To further verify the expression changes of key proteins in the FAK/PI3K/AKT pathway at the protein level, we quantitatively detected the expression and phosphorylation status of PI3K and AKT in NP and AF tissues using Automated Western blot (Wes) analysis (Supplementary Figures S1C,D). Compared with the PL group, DL significantly reduced the expression of activated phosphorylated forms (p-PI3K and p-AKT) of PI3K and AKT in NP and AF tissues on Day 3. Intervention with the RGD peptide under DL (DL + RGD group) partially rescued the reduction in PI3K/AKT phosphorylation levels, which showed a recovery trend compared with the DL group.
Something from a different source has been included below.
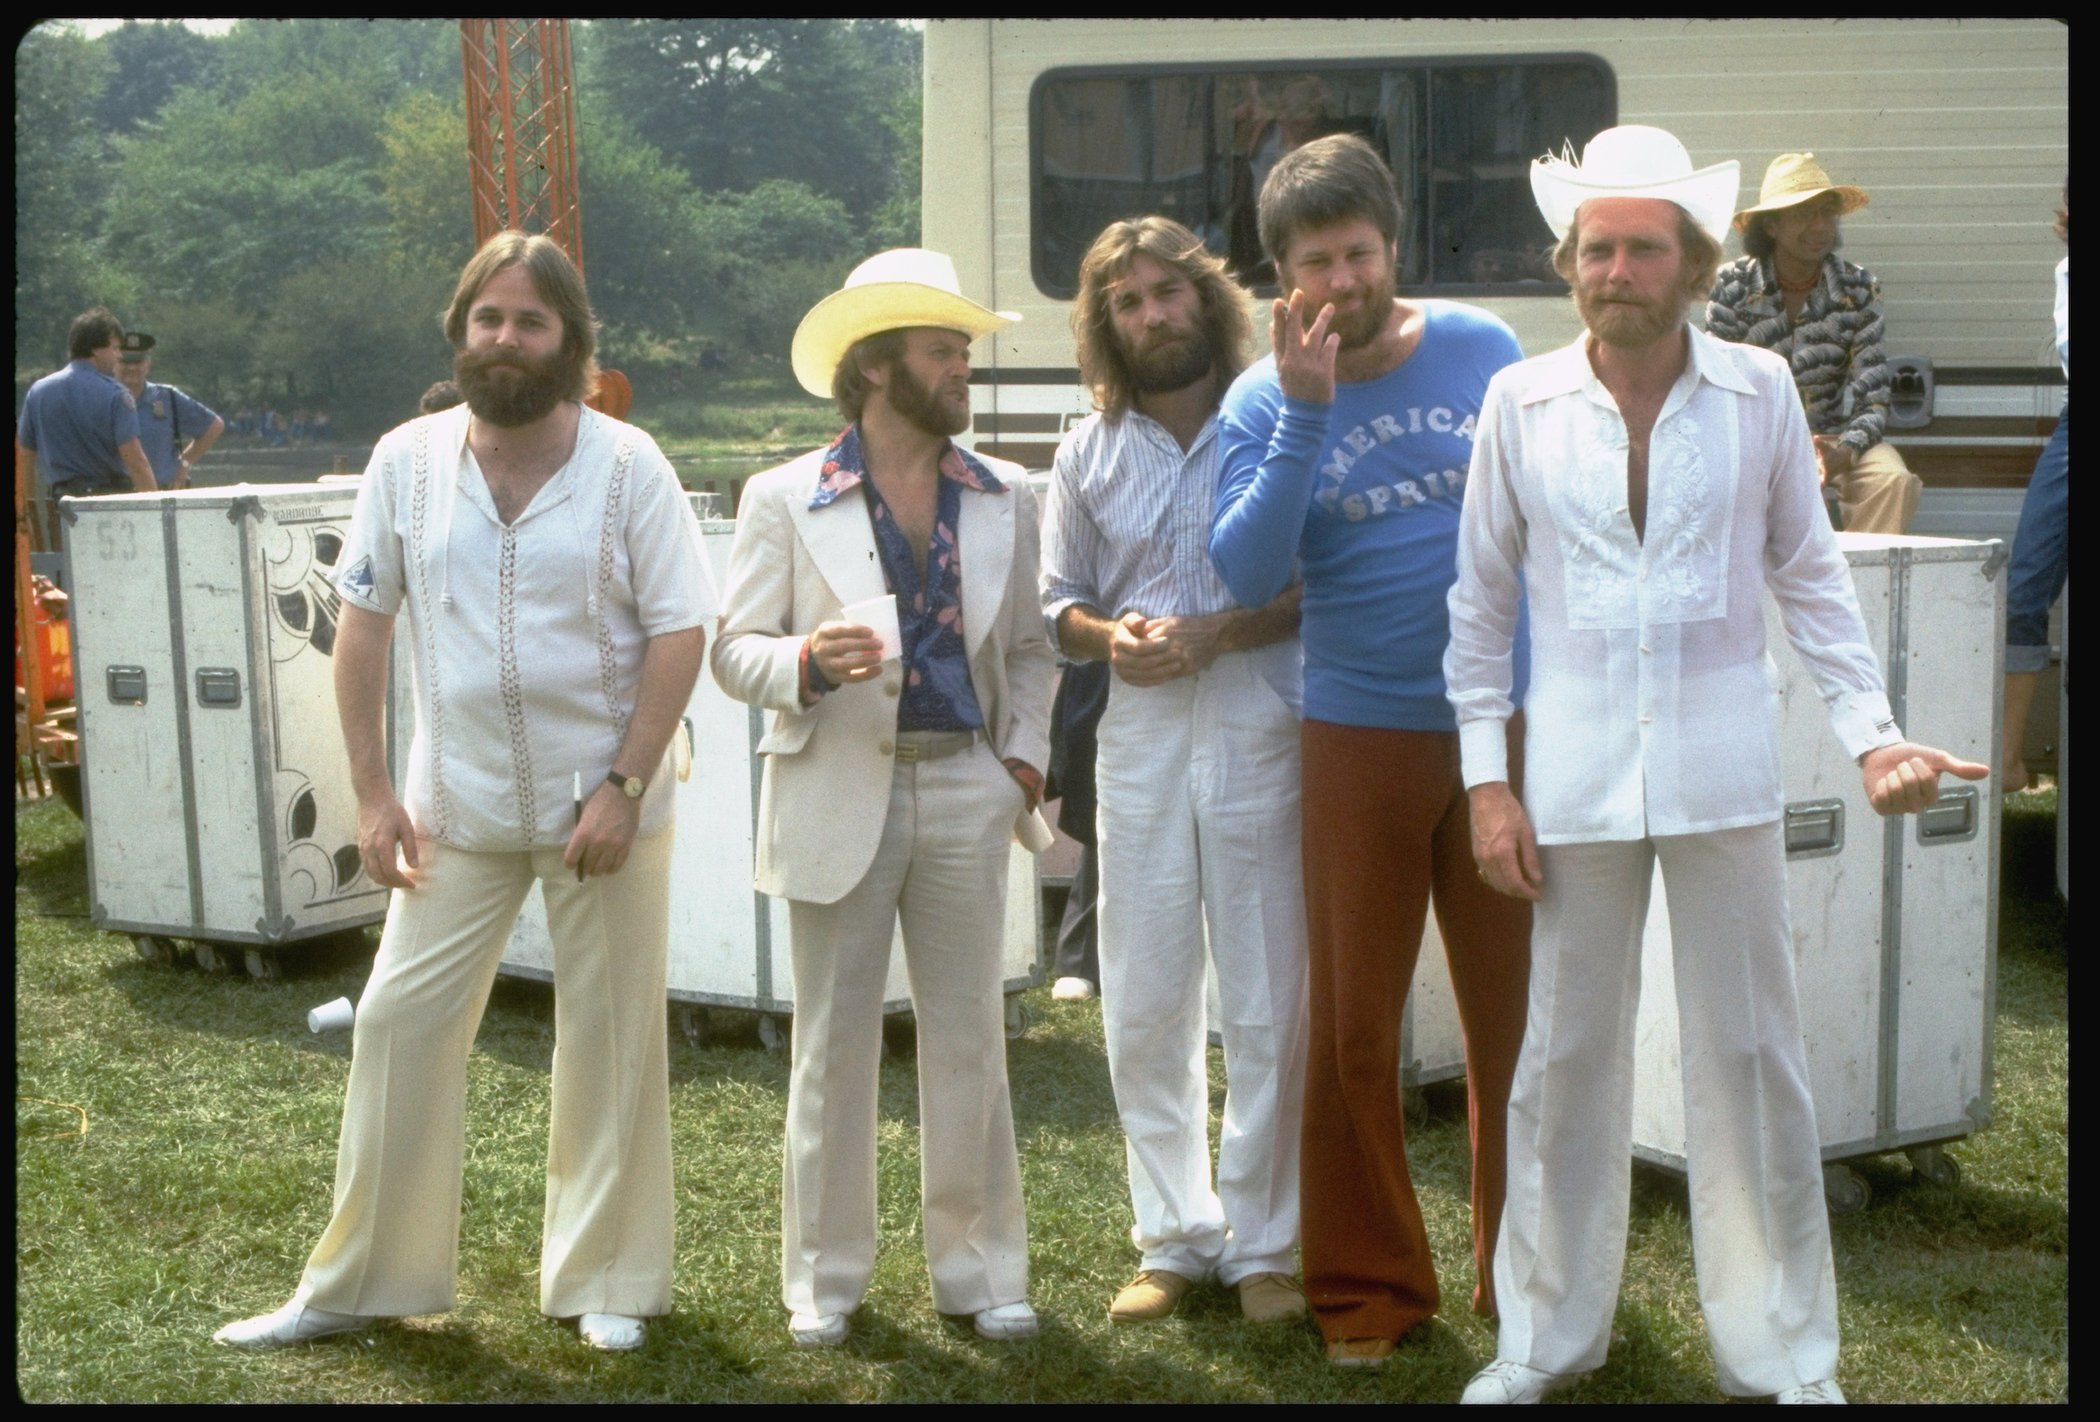 Rock and roll band The Beach Boys pose for a portrait backstage of their concert in Central Park
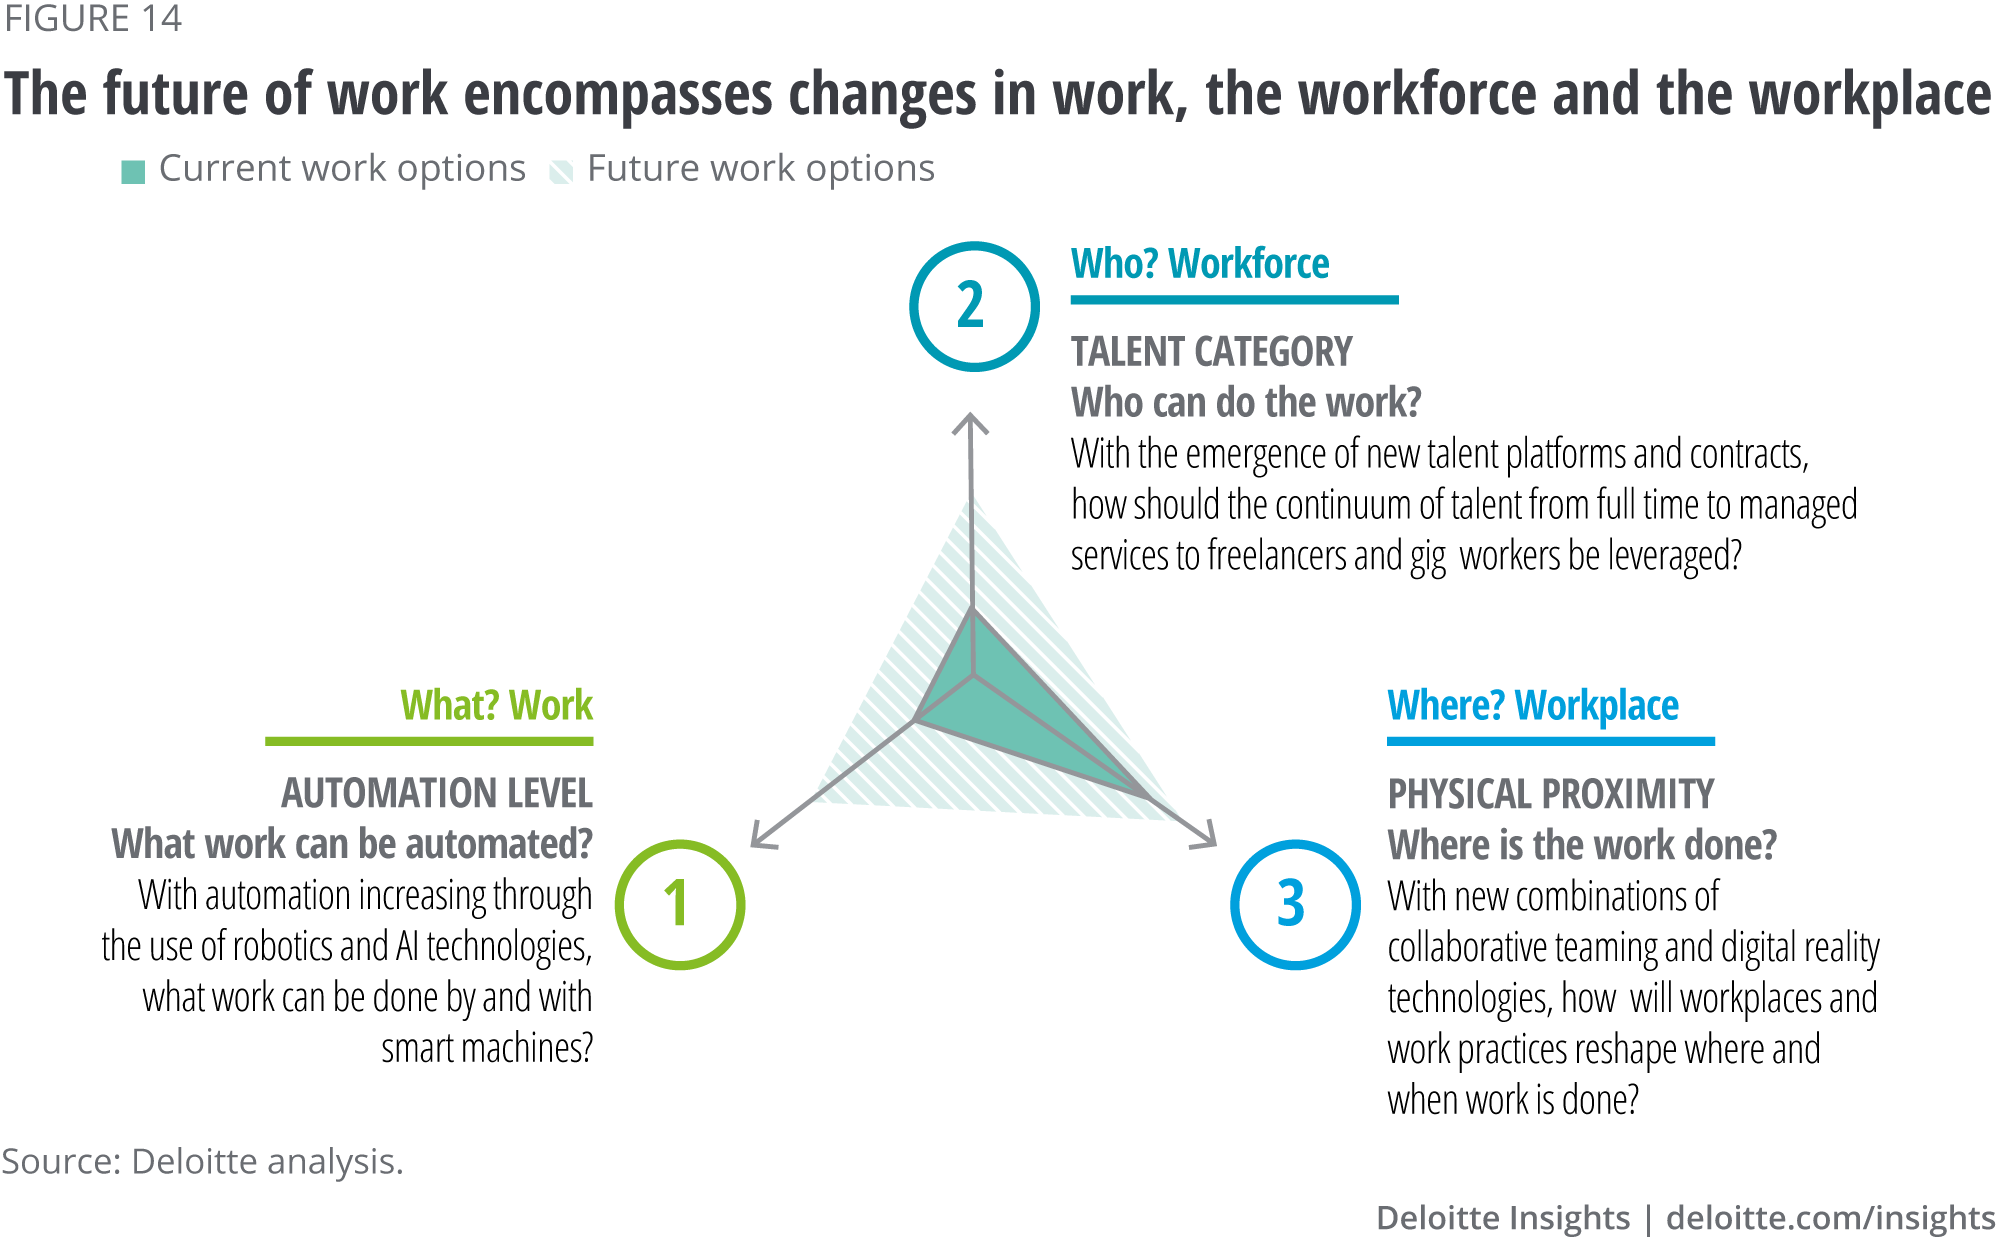 The future of work encompasses changes in work, the workforce and the workplace

These results indicate that degenerative loading may initiate early autophagy by inhibiting the FAK/PI3K/AKT/mTOR signaling axis and activating ULK1; meanwhile, the RGD peptide can partially reverse the inhibition of the FAK/PI3K/AKT/mTOR signaling axis by competitively inhibiting integrin α5β1, further supporting the key role of integrin α5β1 in regulating the FAK/PI3K/AKT/mTOR signaling network and autophagy initiation under mechanical stress.